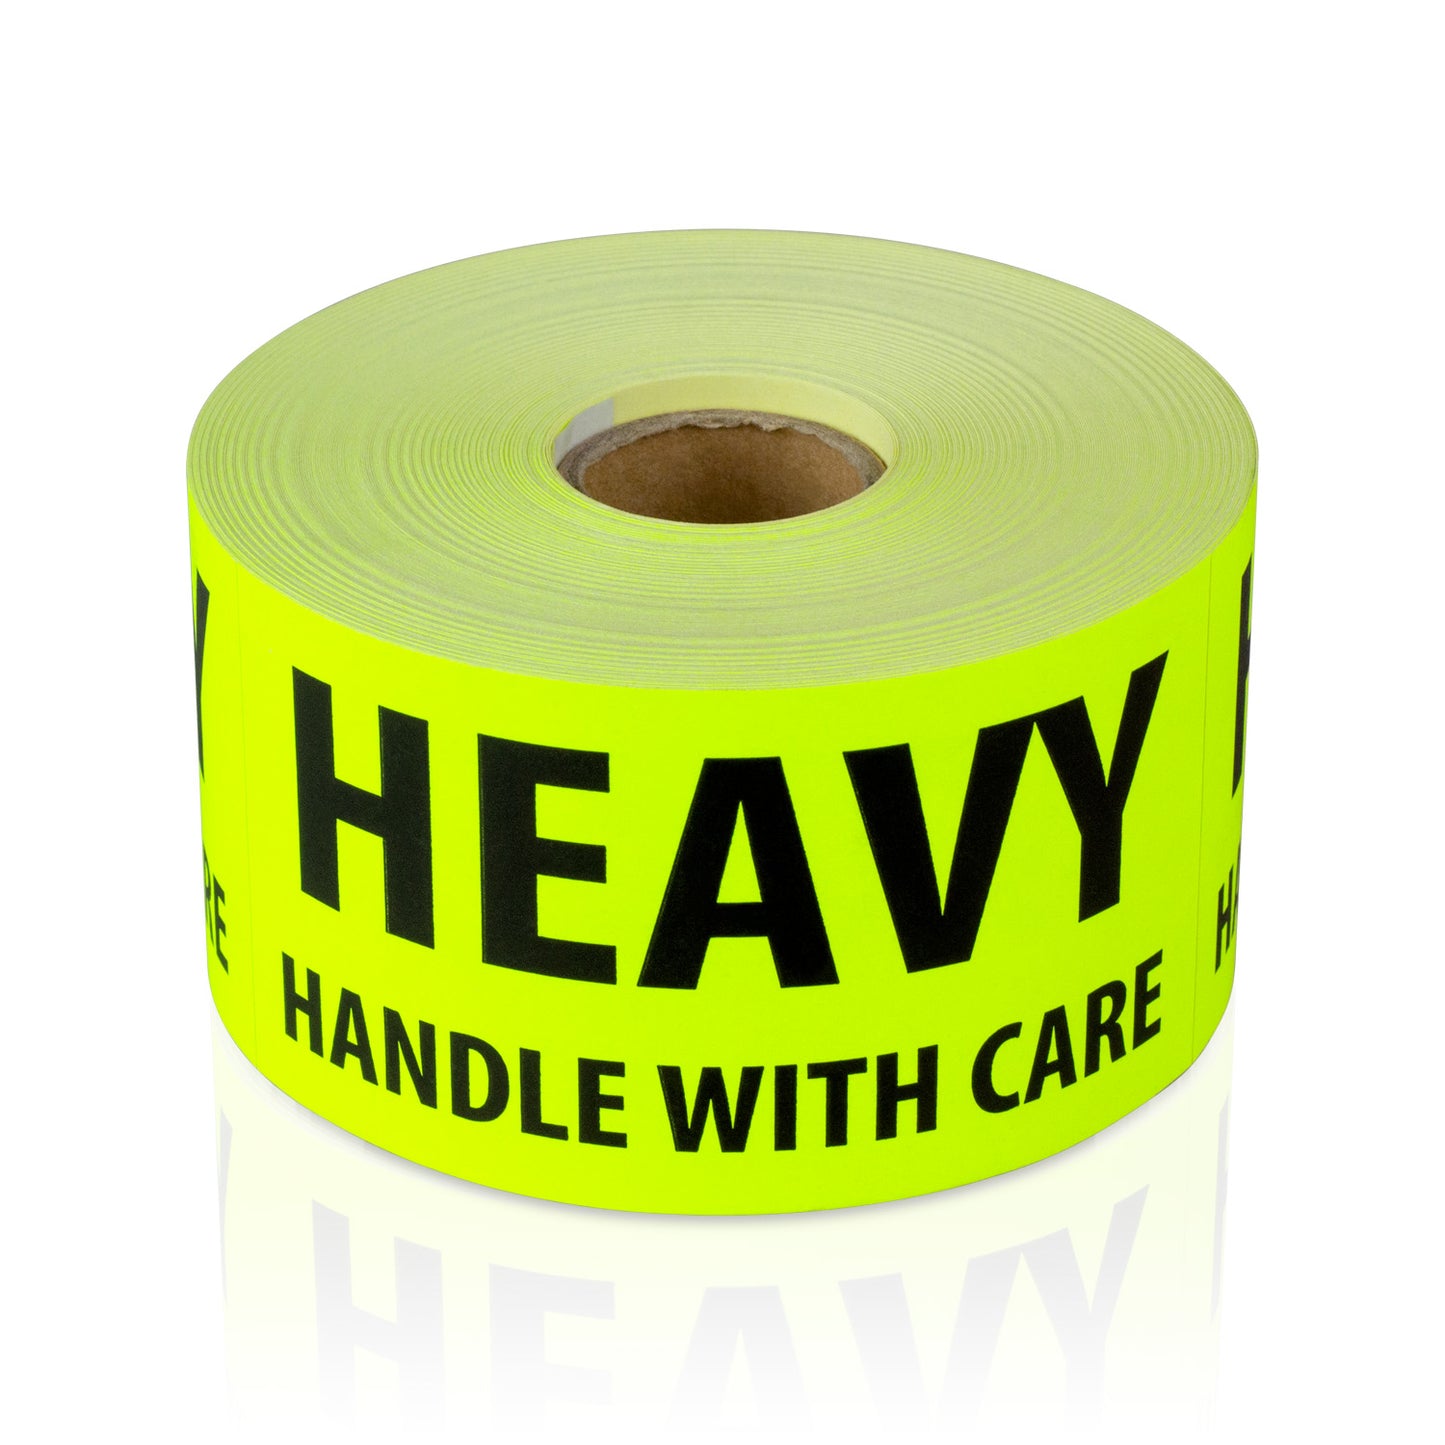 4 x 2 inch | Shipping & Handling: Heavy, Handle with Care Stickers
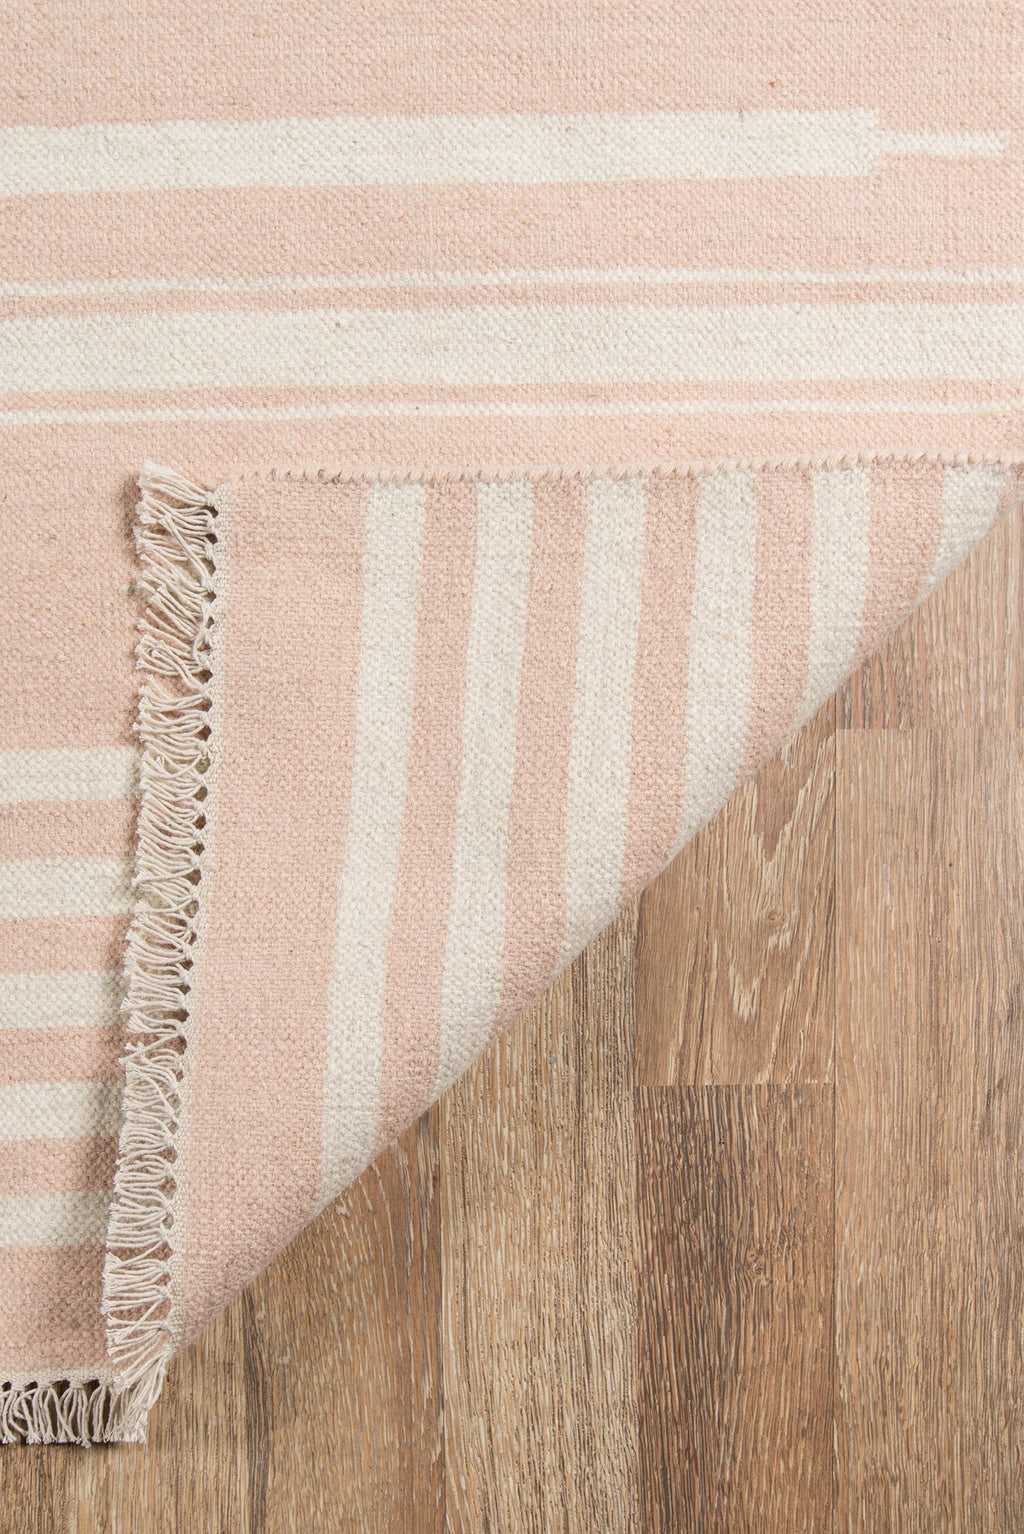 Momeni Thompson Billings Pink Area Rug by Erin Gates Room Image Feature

--

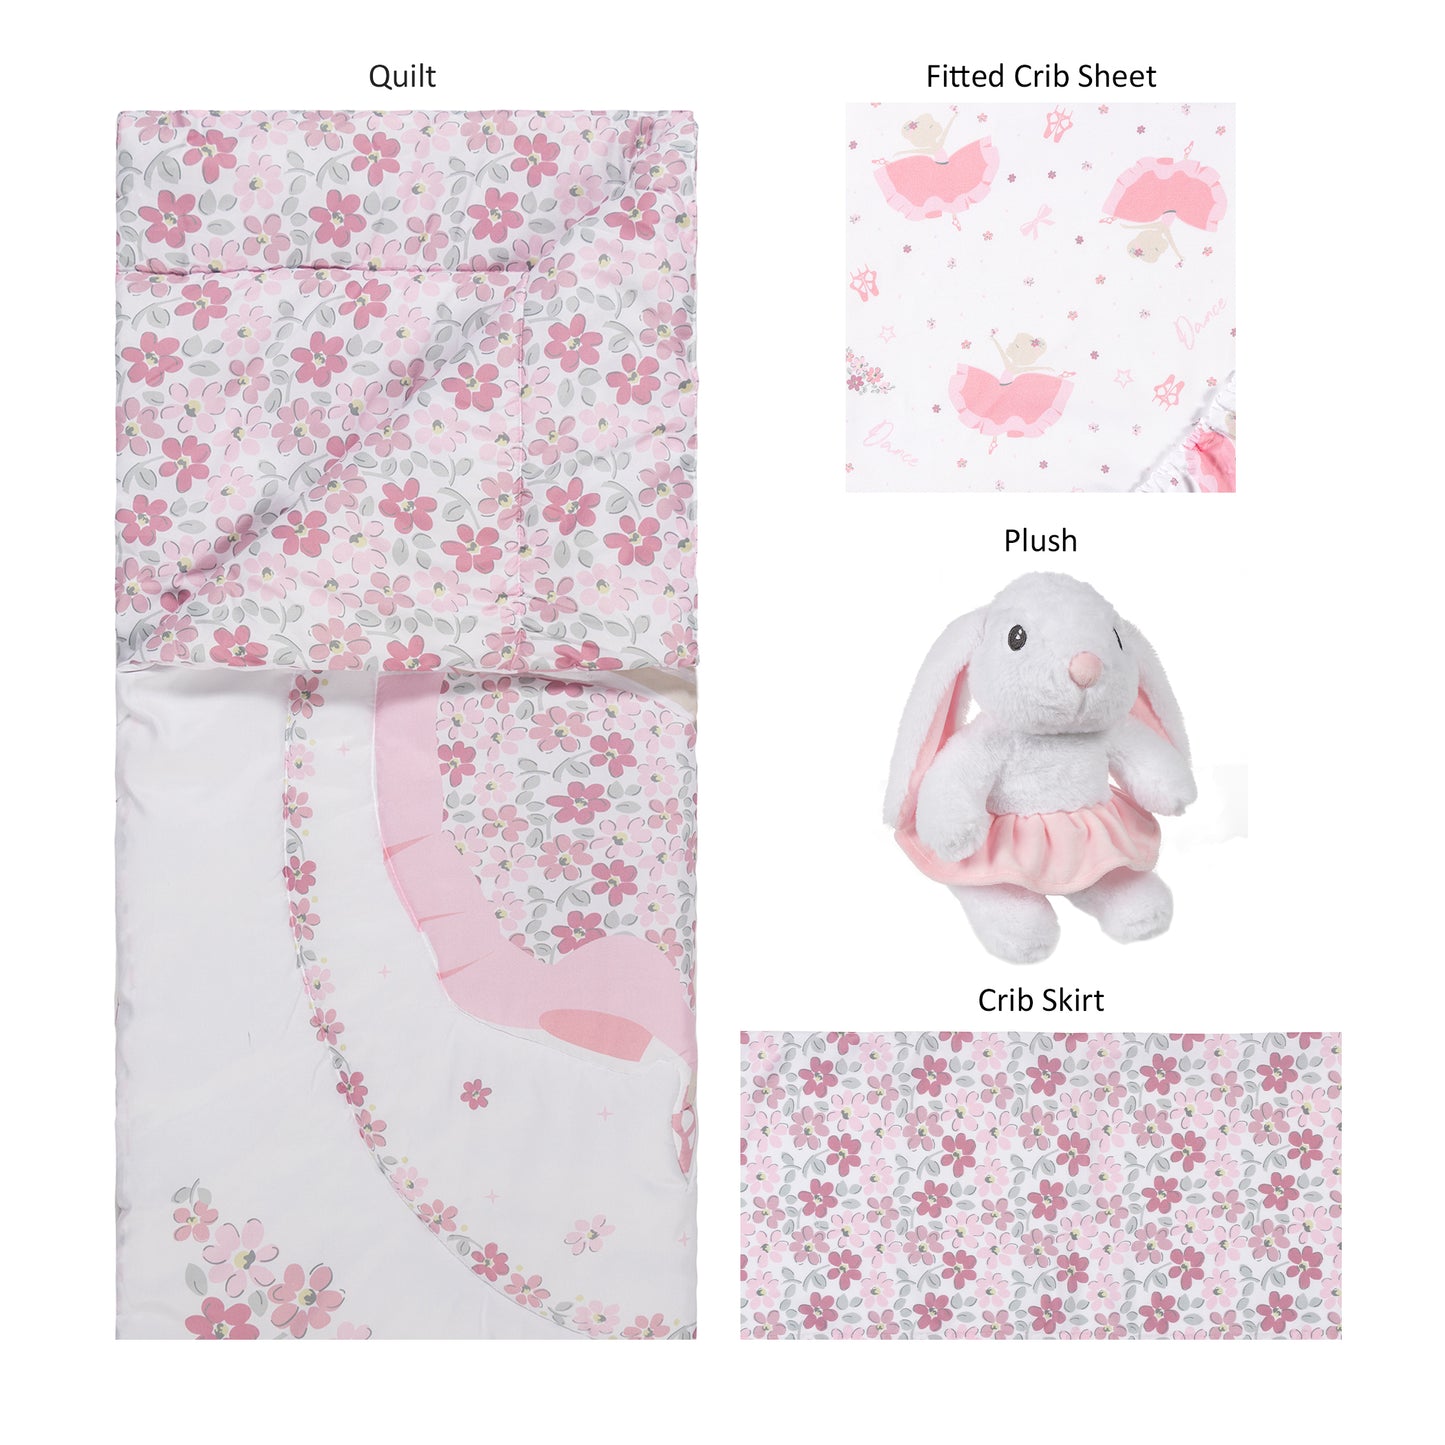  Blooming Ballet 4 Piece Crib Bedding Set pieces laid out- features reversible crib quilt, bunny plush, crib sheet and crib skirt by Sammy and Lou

--

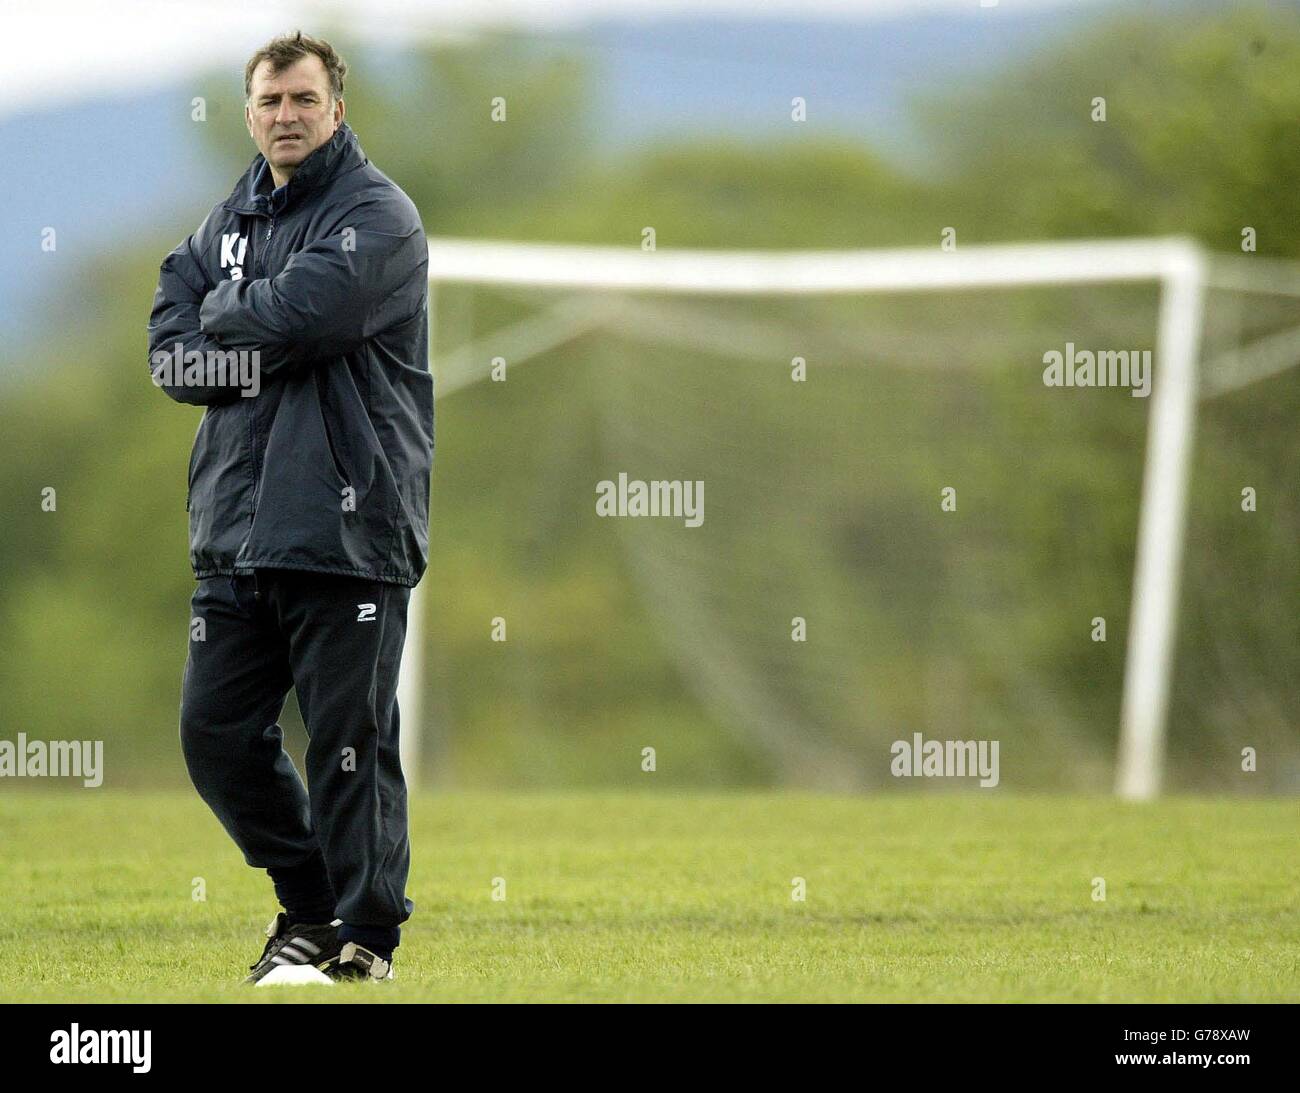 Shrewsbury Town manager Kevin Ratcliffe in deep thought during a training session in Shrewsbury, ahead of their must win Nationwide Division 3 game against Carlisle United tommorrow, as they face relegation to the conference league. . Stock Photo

EXERCISE INSTRUCTIONS:
From the material above, reproduce only what runs from the line holding "4 x 2 inch |" down to the line holding "Momeni Thompson Billings", both included, pictures excluded.

EXERCISE SOLUTION:
 4 x 2 inch | Shipping & Handling: Heavy, Handle with Care Stickers
 Momeni Thompson Billings Pink Area Rug by Erin Gates Room Image Feature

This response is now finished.